= DIRECTIONS FOR THIS TASK =
All that is needed is the line containing "Urgent courier needs Karaikudi to Rishikesh" and the lines after it to the end of the material, written out exactly, pictures left aside.

= DATASET EXCERPT =
--- --- ---

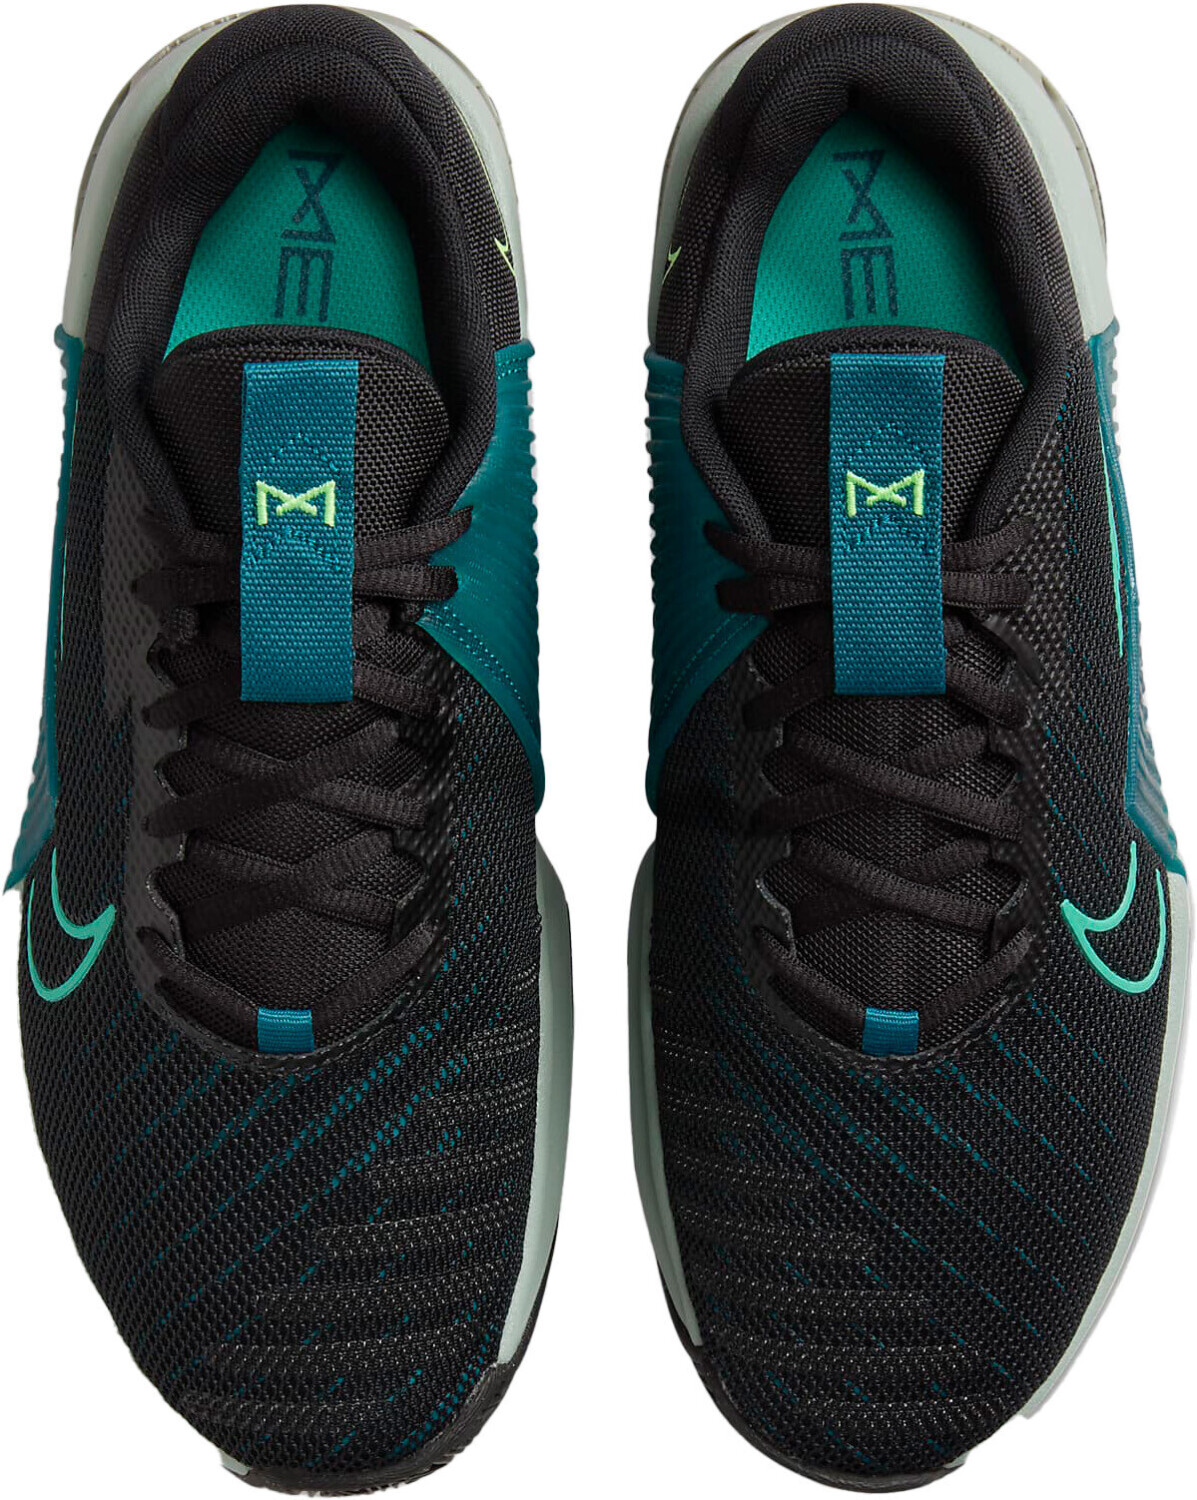 Zapatillas de entrenamiento Nike Metcon 9 Negro y Verde, Hombre
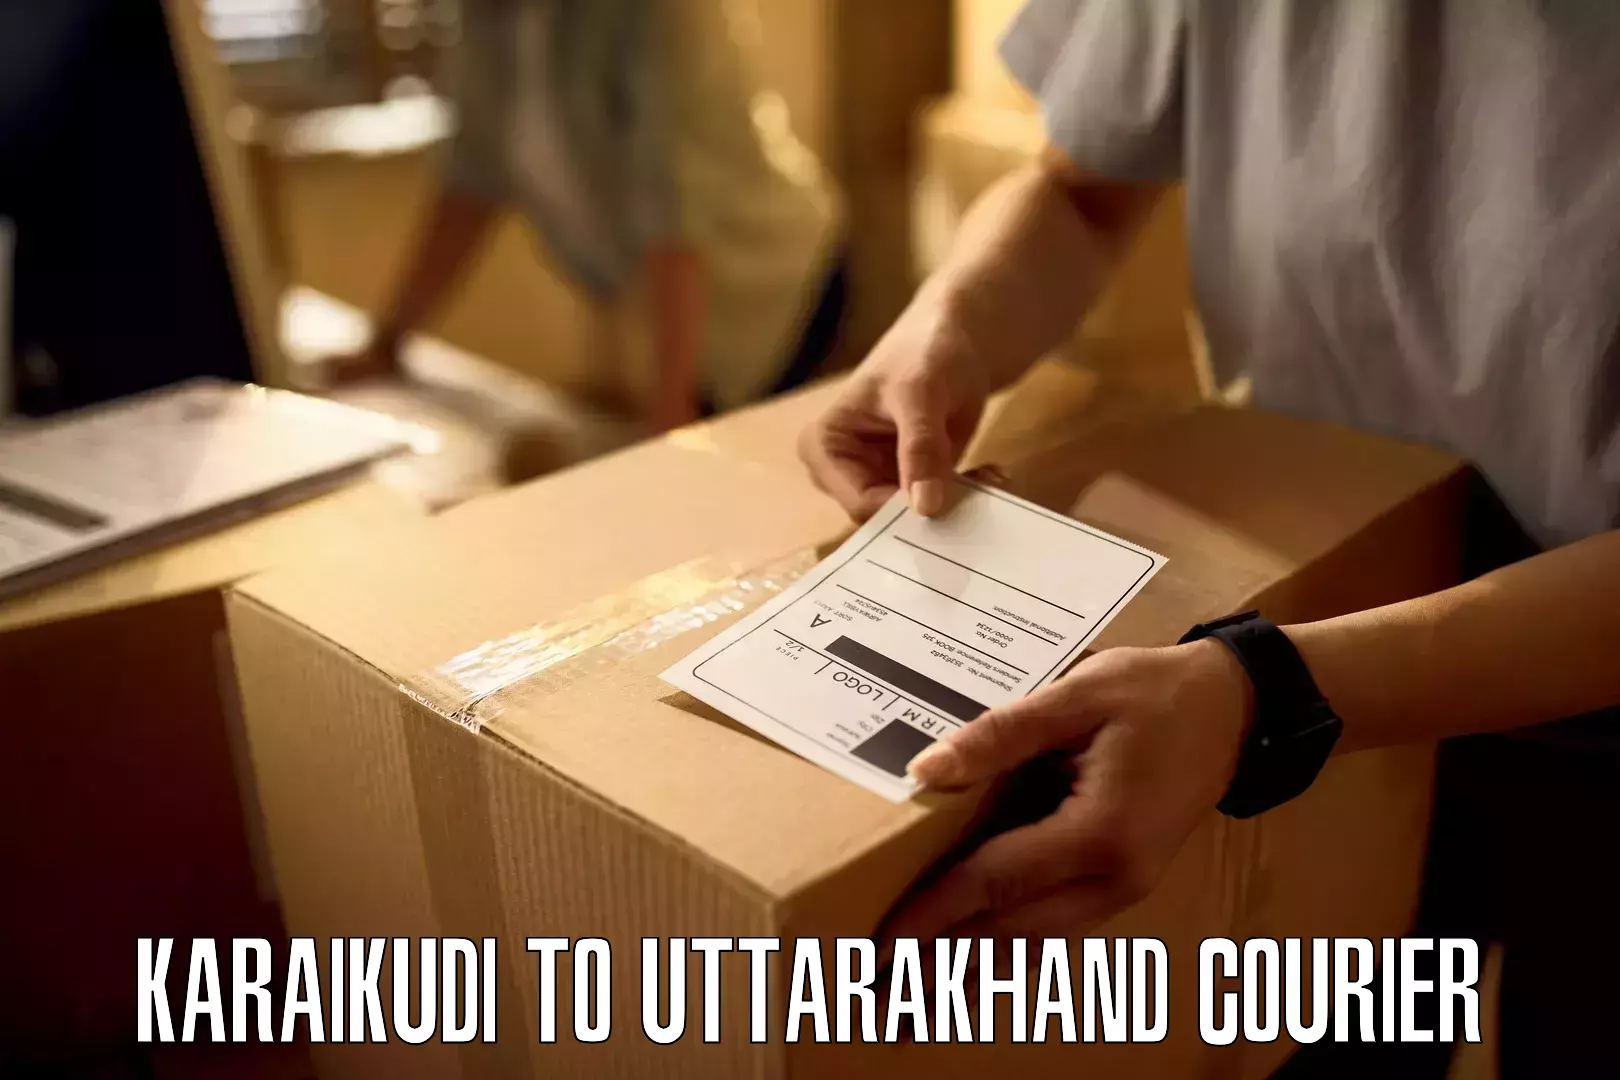 Urgent courier needs Karaikudi to Rishikesh
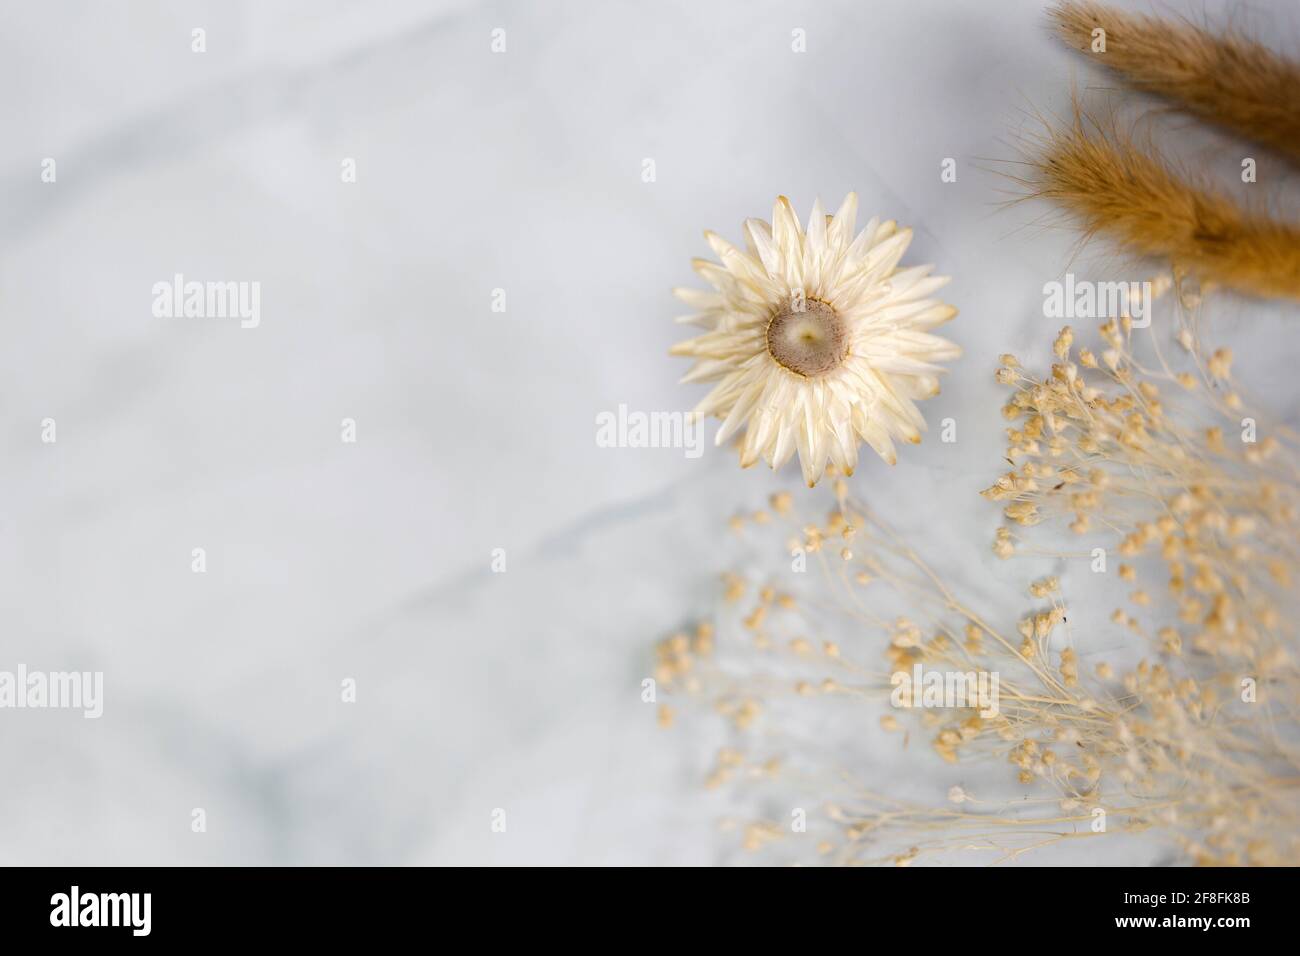 Fresh bight Frühling getrocknete Blume Rahmen isoliert auf weißem Hintergrund mit Kopierraum, romantische, Sommer modernes Konzept, flache Lage, Overhead-Ansicht Stockfoto

--- --- ---

= RESPONSE AREA =
 Urgent courier needs Karaikudi to Rishikesh
 Fresh bight Frühling getrocknete Blume Rahmen isoliert auf weißem Hintergrund mit Kopierraum, romantische, Sommer modernes Konzept, flache Lage, Overhead-Ansicht Stockfoto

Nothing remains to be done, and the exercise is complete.